Bounded forcing axioms and Baumgartner's conjecture

TL;DR

This paper explores the hierarchy of bounded forcing axioms related to $eta$-proper and Axiom A forcings, establishing their connections with weak club guessing principles and resolving Baumgartner's conjecture.

Contribution

It characterizes the class of forcings embeddable into $\sigma$-closed followed by ccc iterations using Baumgartner's Axiom A, confirming a longstanding conjecture.

Findings

Bounded forcing axioms are connected to weak club guessing principles.

Weak club guessing principles distinguish between different $eta$-proper axioms.
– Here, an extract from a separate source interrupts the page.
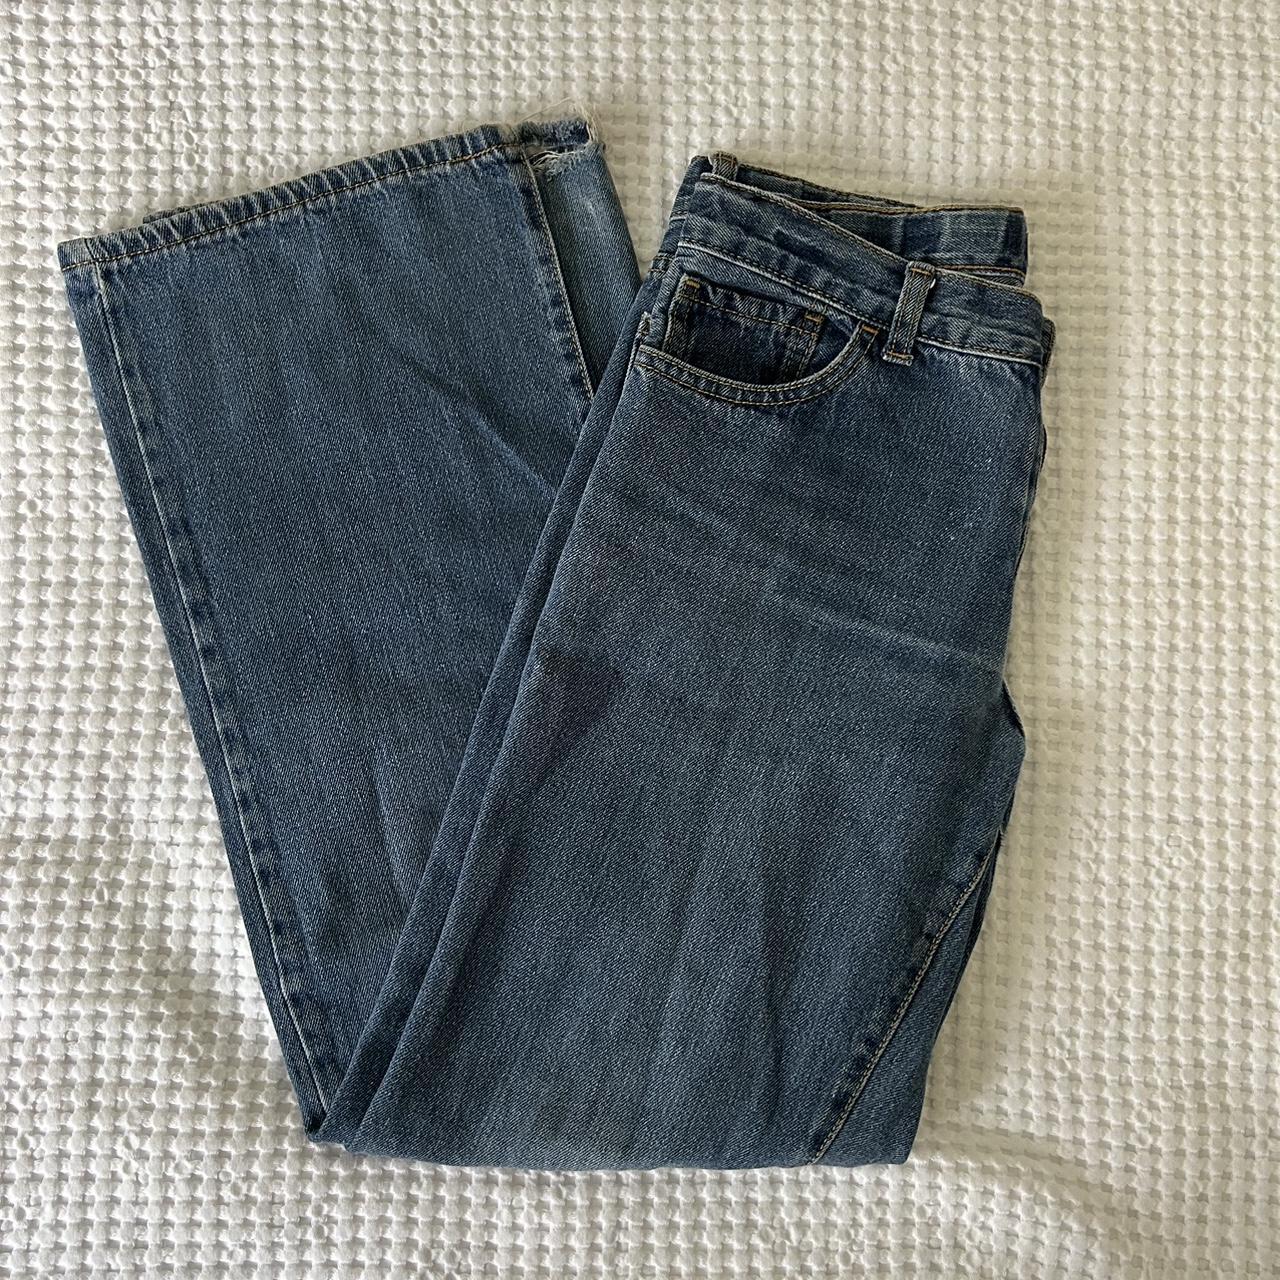 CIRCO JEANS, comfy and easy to wear. - Depop

The paper proves Baumgartner's conjecture on forcings embeddable into $\sigma$-closed then ccc iterations.

Abstract

We study the spectrum of forcing notions between the iterations of $\sigma$-closed followed by ccc forcings and the proper forcings. This includes the hierarchy of $\alpha$-proper forcings for indecomposable countable ordinals as well as the Axiom A forcings. We focus on the bounded forcing axioms for the hierarchy of $\alpha$-proper forcings and connect them to a hierarchy of weak club guessing principles. We show that they are, in a sense, dual to each other. In particular, these weak club guessing principles separate the bounded forcing axioms for distinct countable indecomposable ordinals. In the study of forcings completely embeddable into an iteration of $\sigma$-closed followed by ccc forcing, we present an equivalent characterization of this class in terms of Baumgartner's Axiom A. This resolves a well-known conjecture of Baumgartner from the 1980's.